TL;DR: Should I be weaving HTML into .php files or weaving PHP into .html files?
Upvotes: 8
Views: 2263
Reputation: 11576
If you like .html
extensions, you can use .phtml
files for templating your system, but only for the files that containing html code. And I prefer to use .php
files that containing only php code like classes etc (this is what Zend or similar libs do).
Upvotes: 0
Reputation: 103
It should be a PHP file with HTML "weaved" into it. By default if your server sees an HTML file it does not think it needs to process scripts on the page and will render it. If it sees a PHP extension, it knows it needs to run through the PHP Processor.

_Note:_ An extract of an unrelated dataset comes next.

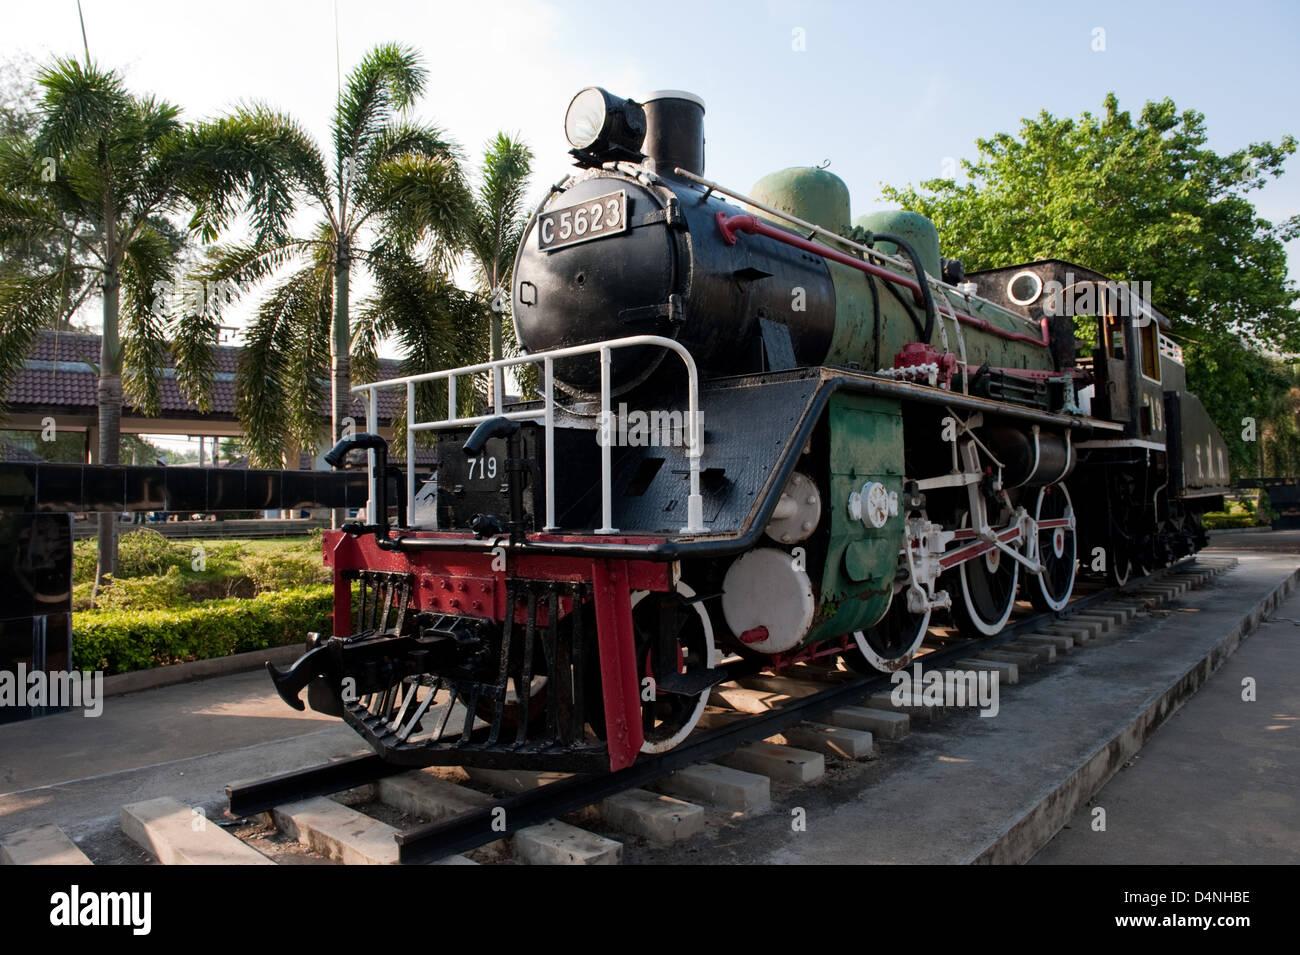 Kanchanaburi, Thailand, historical locomotive of the Thai-Burma Railway - Stock Image
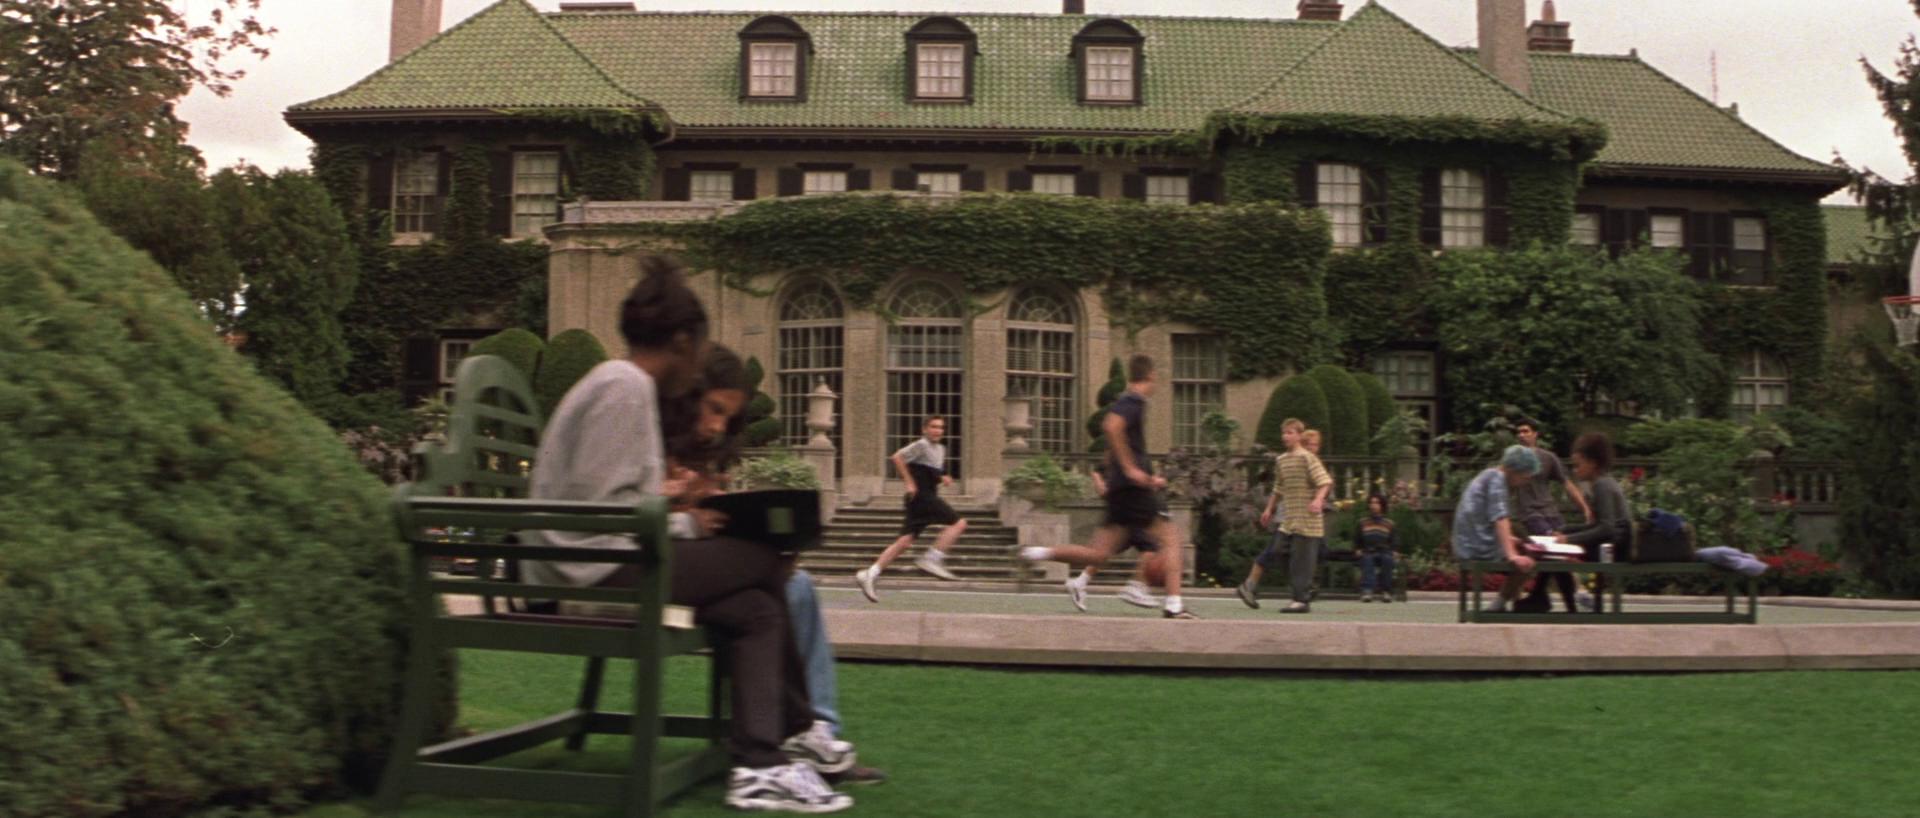 Image - X-Mansion Exterior (Parkwood Estate).png | X-Men Movies Wiki ...

You can modify your htaccess to allow HTML to be rendered through the processor, but there really is no need for you to be modding that, especially if you are a beginner.
Upvotes: 5
Reputation: 4097
If you are new to PHP, I would recommend creating files with the .php extension, as the .php file can be executed by default. Depending on your server configuration, you may have to add some .htaccess directives to allow php code to run in an .html file.
Upvotes: 0
Reputation: 16359
You need to specify in your .htaccess file to be able to parse PHP inside of a .html file. The easier way to go is just to make everything .php.
Inevitably, when you get more comfortable with PHP, you'll learn that you'll always have a little PHP in the file (like a require or something), so best to plan for that.
Upvotes: 0
Reputation: 5084
You should "weave" html into php files That way you know for sure your code will work on any server, and not just on servers that renders html files as php.